### TASK DETAILS
From the data below, retype exactly the lines starting with the one that contains "Theodor Hermann Schmuz-Baudiss" and ending with the one that contains "This monumental vase", both included.

### THE DATA
*** Begin section ***

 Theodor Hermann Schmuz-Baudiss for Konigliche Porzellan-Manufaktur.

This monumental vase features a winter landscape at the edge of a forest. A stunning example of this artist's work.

*** End section ***
*** Begin section ***

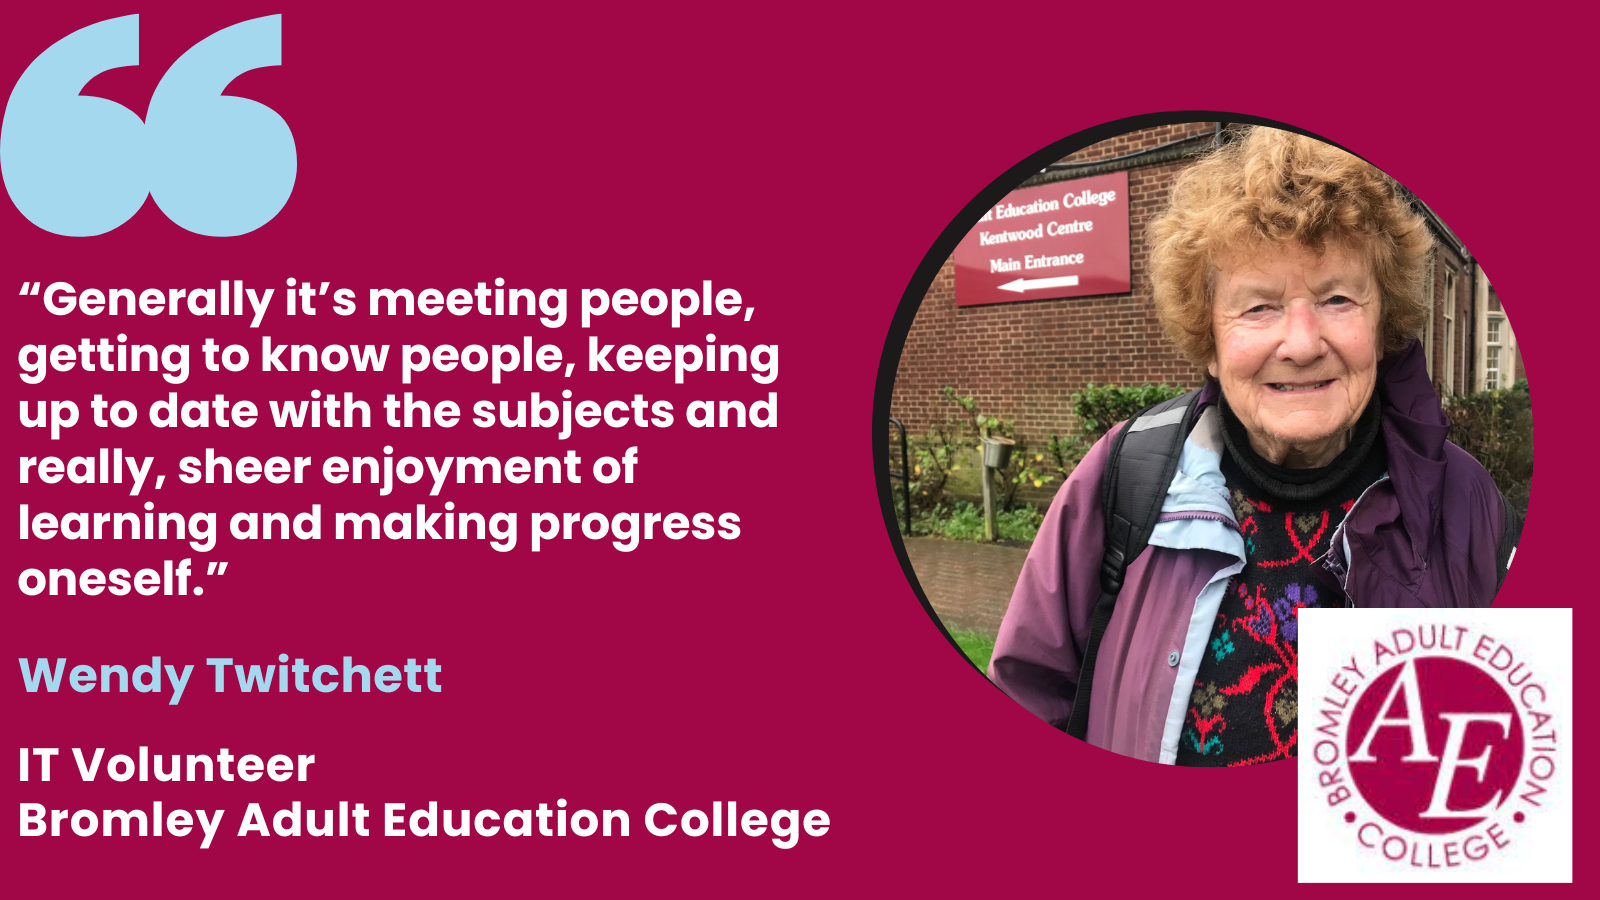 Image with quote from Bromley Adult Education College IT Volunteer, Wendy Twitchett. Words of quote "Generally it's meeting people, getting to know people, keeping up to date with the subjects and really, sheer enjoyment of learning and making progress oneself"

*** End section ***

### EXPECTED ANSWER
 Theodor Hermann Schmuz-Baudiss for Konigliche Porzellan-Manufaktur.

This monumental vase features a winter landscape at the edge of a forest. A stunning example of this artist's work.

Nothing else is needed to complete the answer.